Over time, financial practitioners have used a plethora of methods in their effort to predict financial markets:
Technical analysis methods are still pretty popular and intuitively appealing. One of the most simple examples is the use of two simple moving averages (SMAs) to decide whether to go long or short a financial instrument.
data = pd.DataFrame(raw[symbol])
data['SMA1'] = data[symbol].rolling(42).mean()
data['SMA2'] = data[symbol].rolling(252).mean()
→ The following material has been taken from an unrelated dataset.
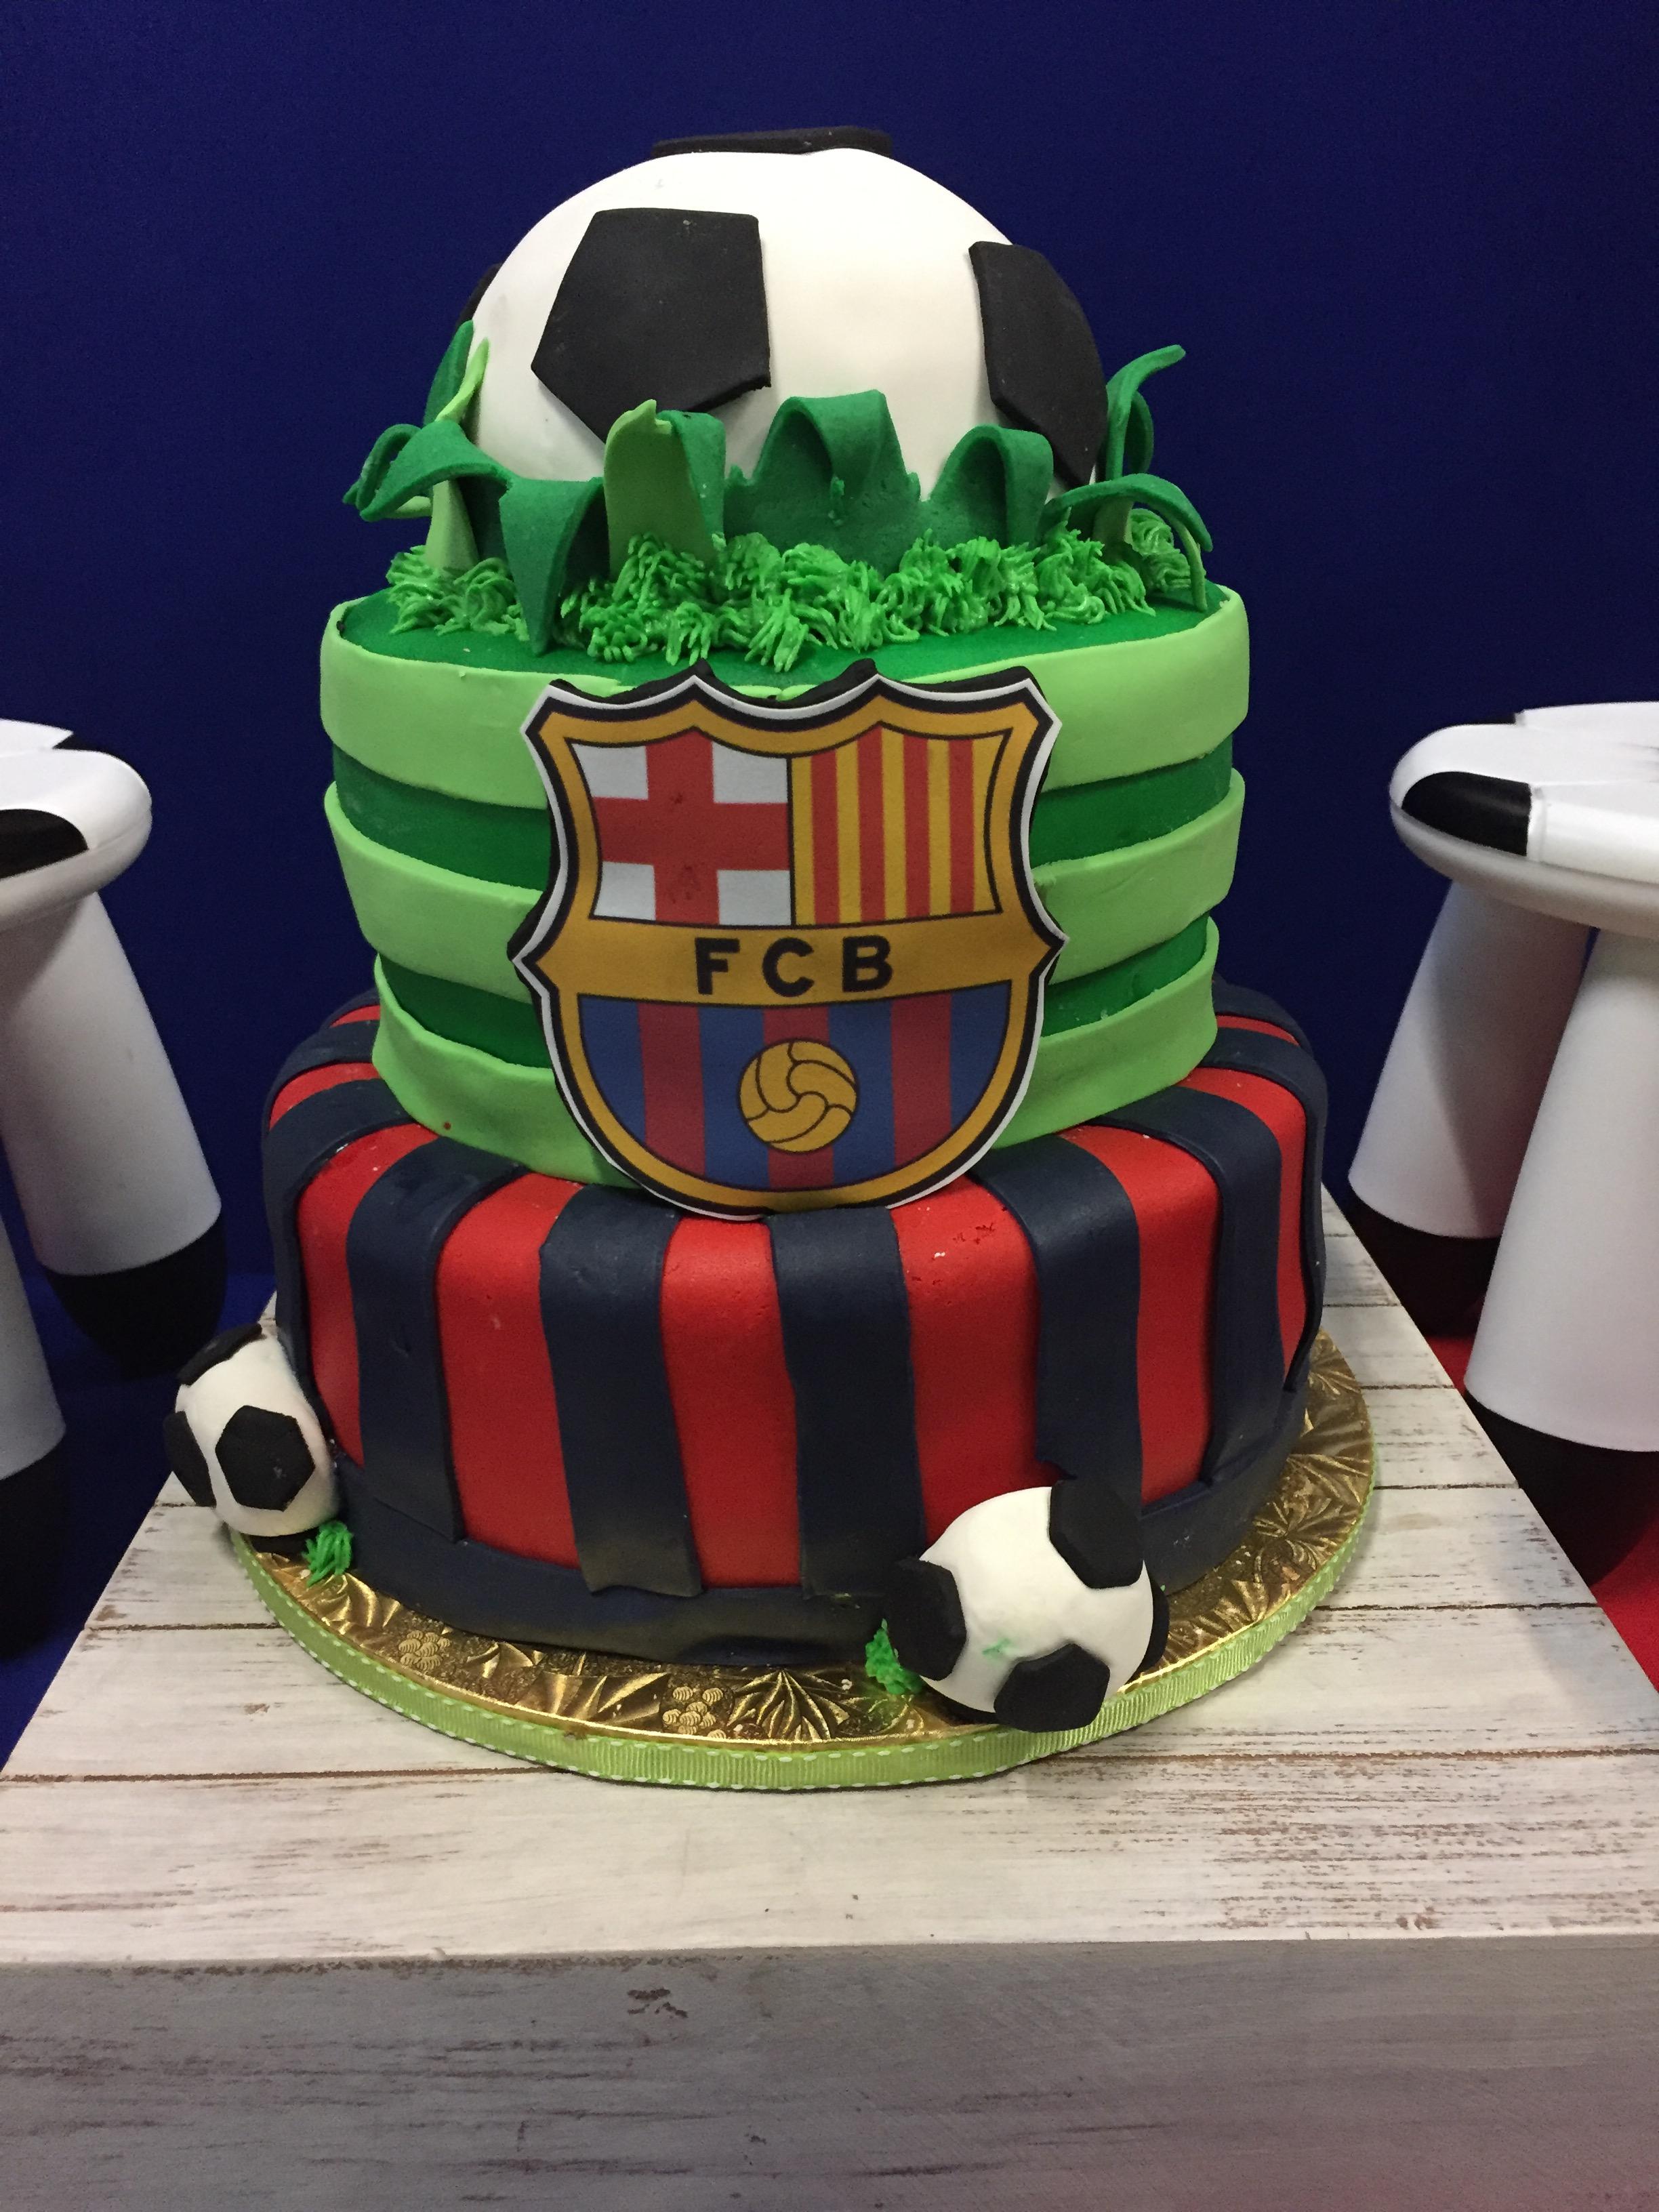 Urban Soccer Five Birthday party 2.jpeg

data['POSITION'] = np.where(data['SMA1'] > data['SMA2'], 1, -1)
The idea here is to go long when the shorter/faster SMA is above the longer/slower SMA and short otherwise.
data.iloc[252:].iplot(secondary_y='POSITION')
Other technical analysis methods are based on certain price formations — or more generally patterns in prices. Source reddit.
Several stylized facts about financial markets show stable, non-zero correlations over time.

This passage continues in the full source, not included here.